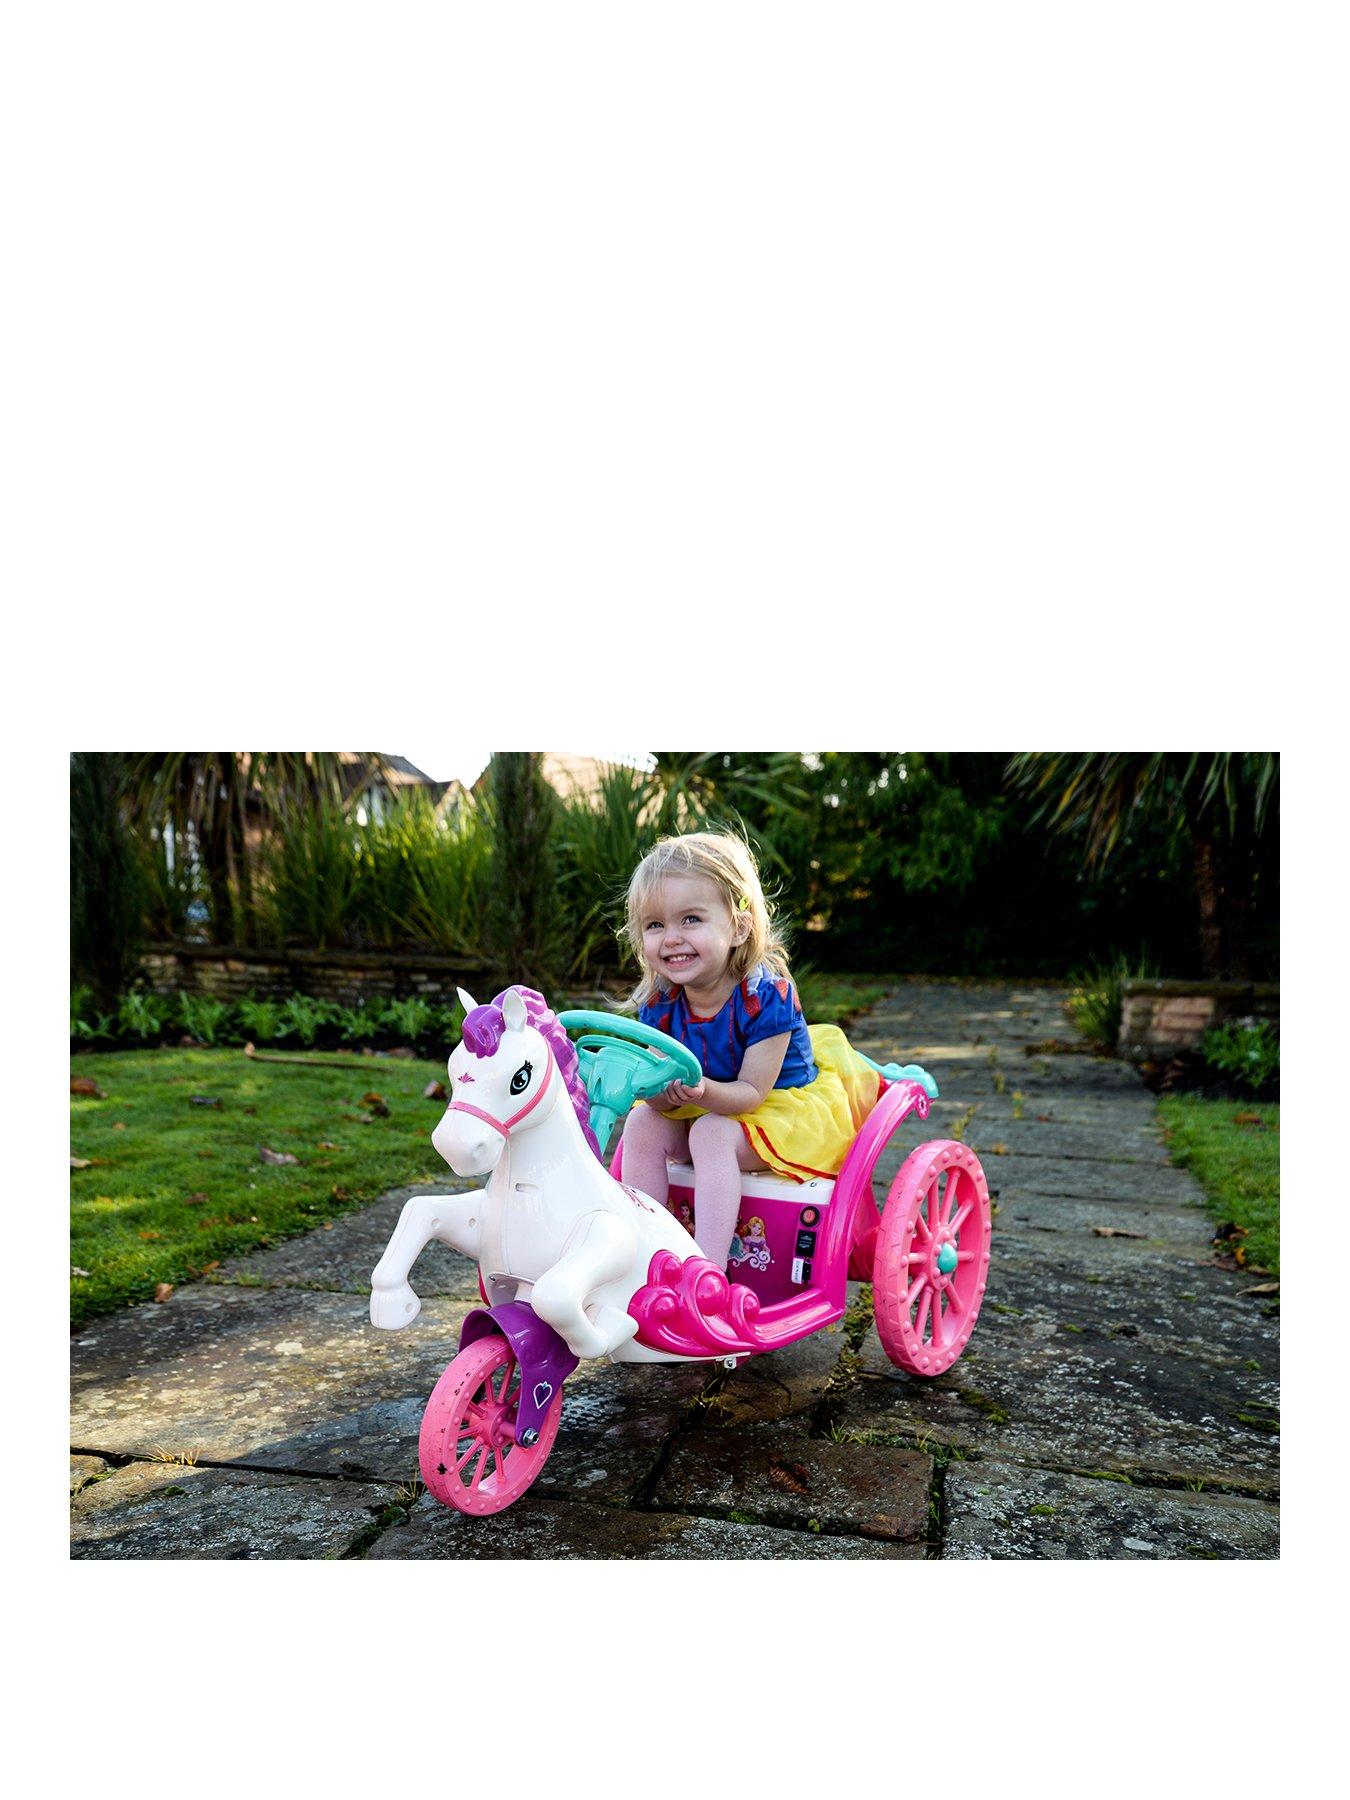 battery operated princess carriage
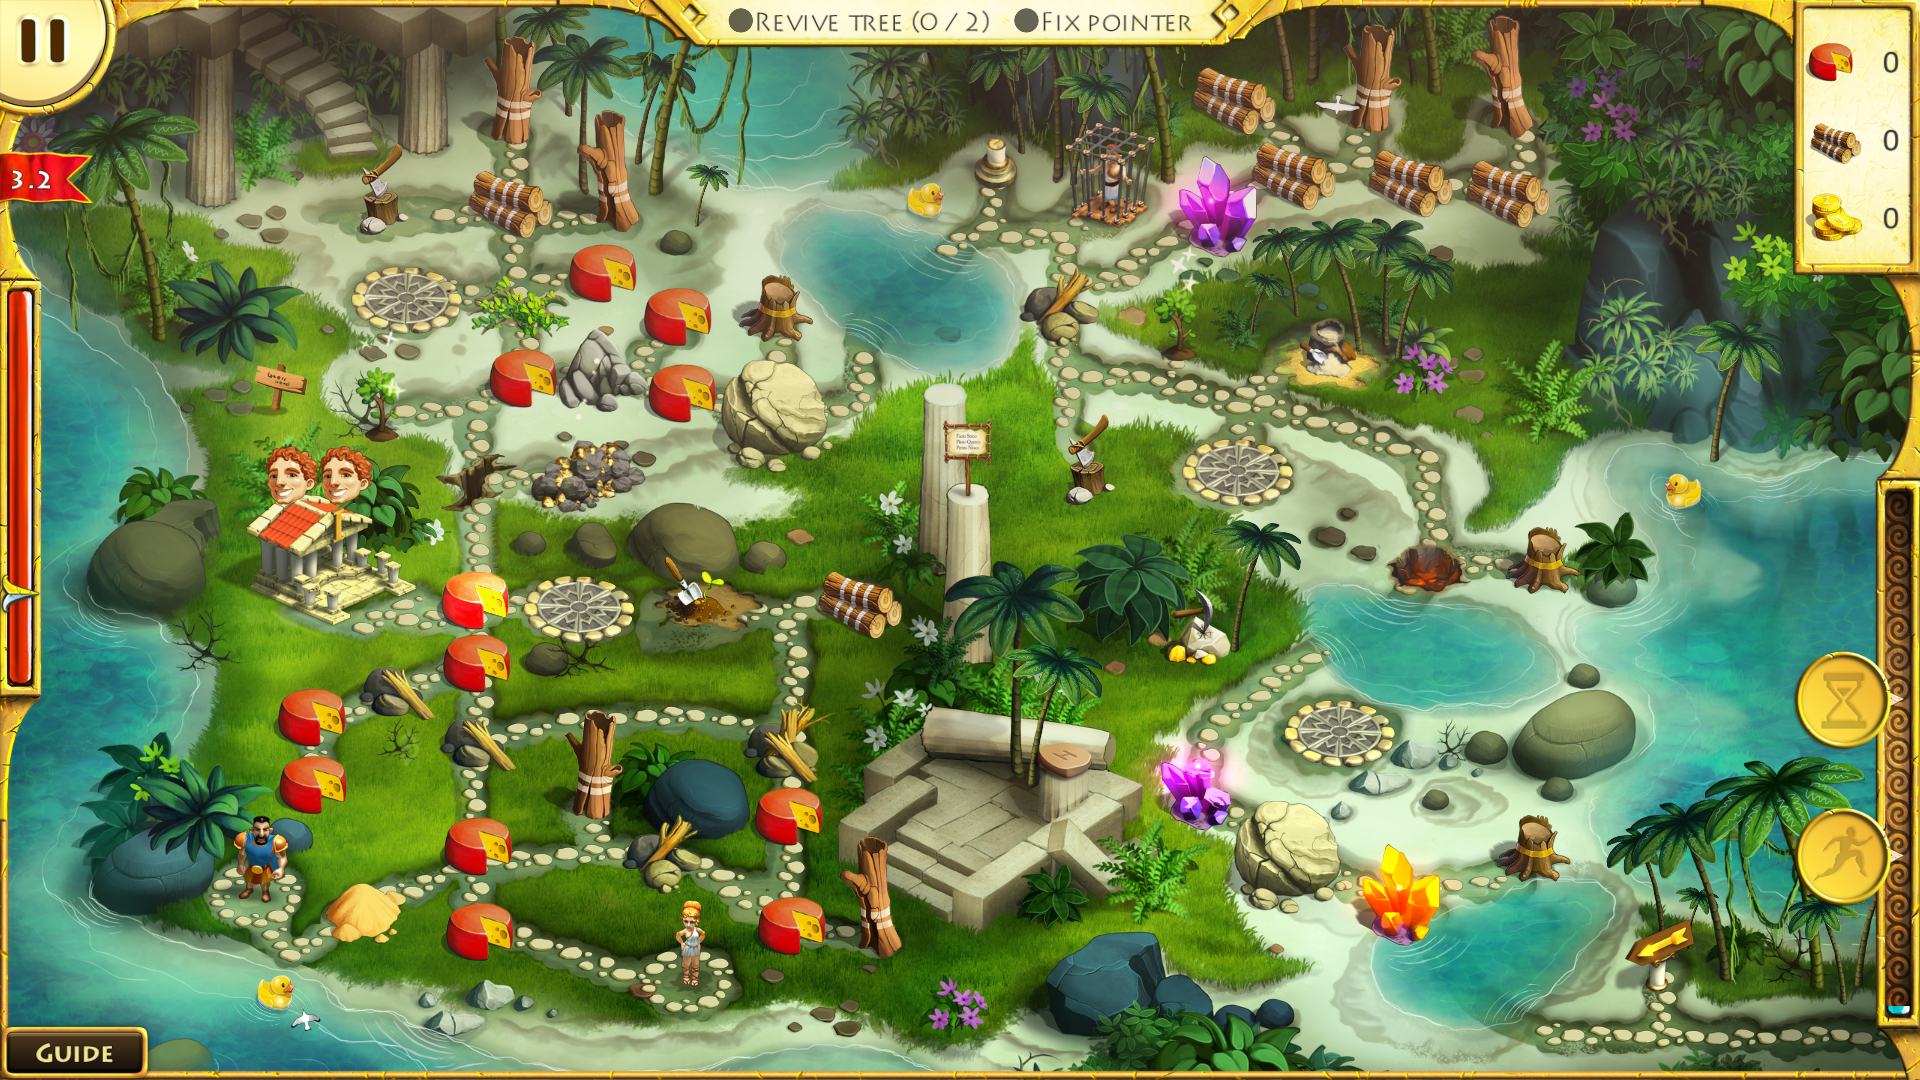 12 labours of hercules game
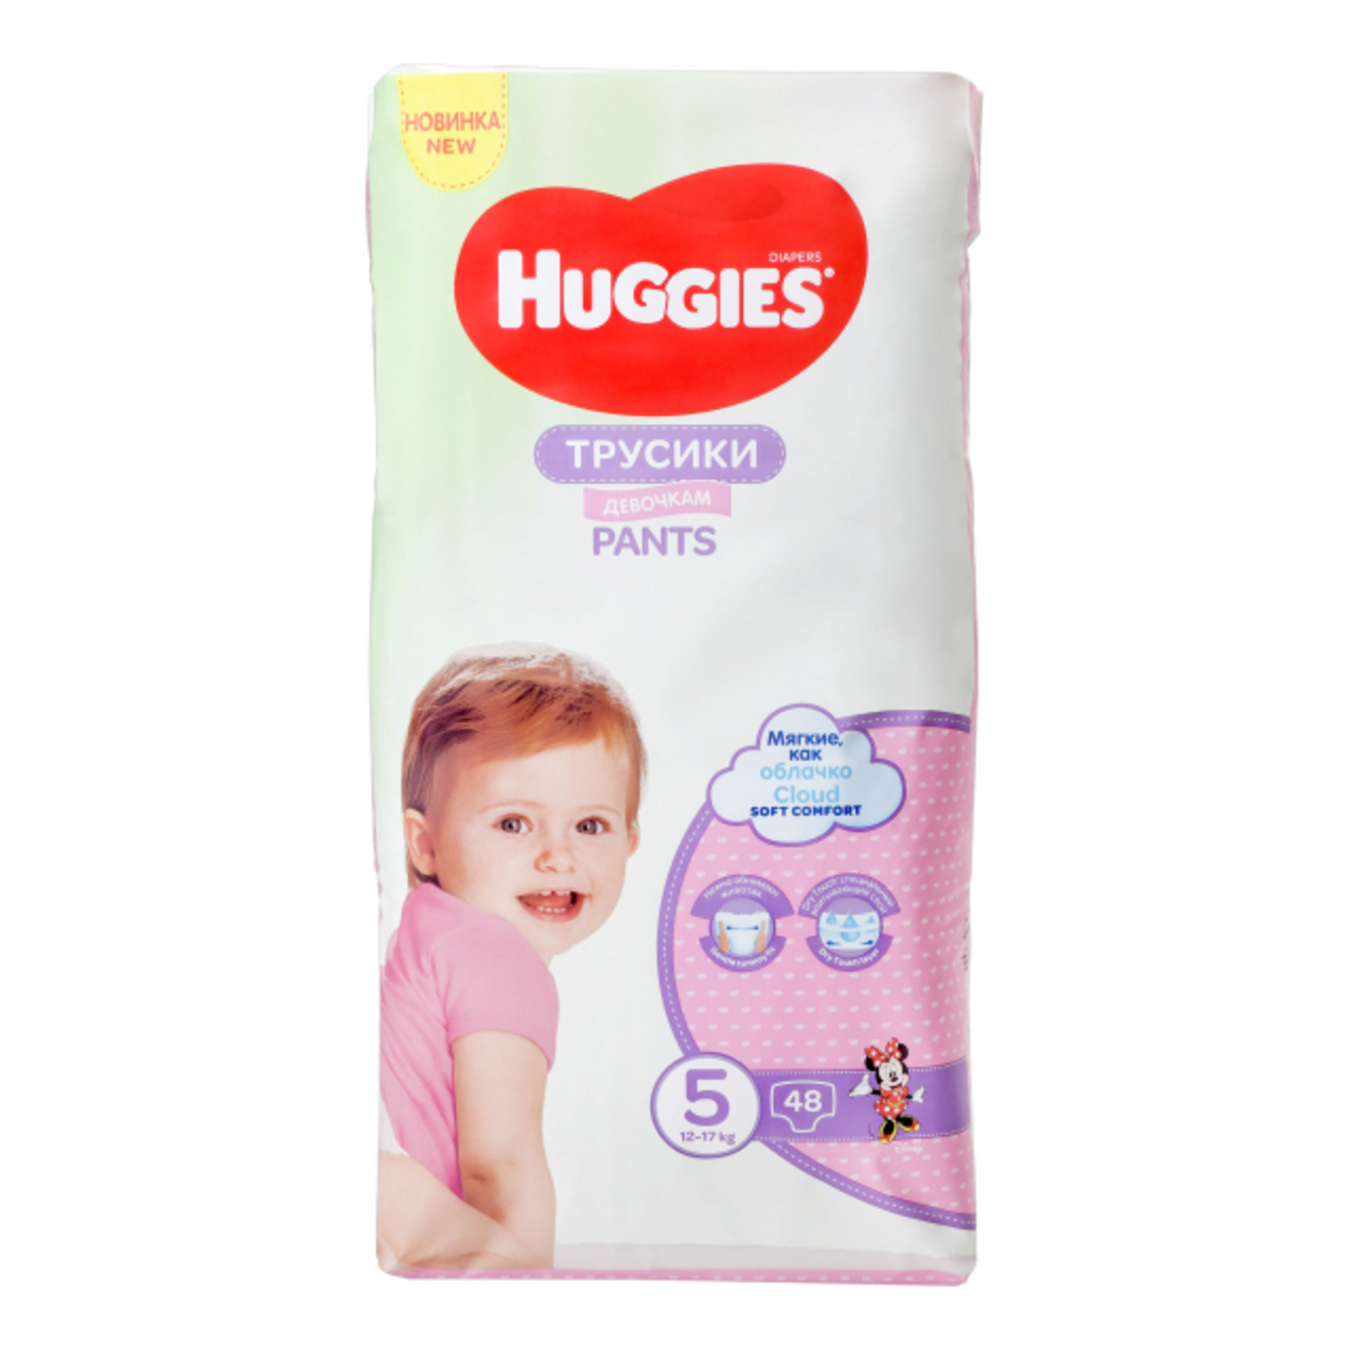 labyrinth gallery Muscular Huggies Pants 5 Mega Panties-diapers 13-17 kg for Girls 48pcs ᐈ Buy at a  good price from Novus

※ ※ ※

*TASK DIRECTIONS*. Write out the whole of the data exactly; the pictures stay out.

*THE ANSWER*.
 battery operated princess carriage
 12 labours of hercules game
 labyrinth gallery Muscular Huggies Pants 5 Mega Panties-diapers 13-17 kg for Girls 48pcs ᐈ Buy at a  good price from Novus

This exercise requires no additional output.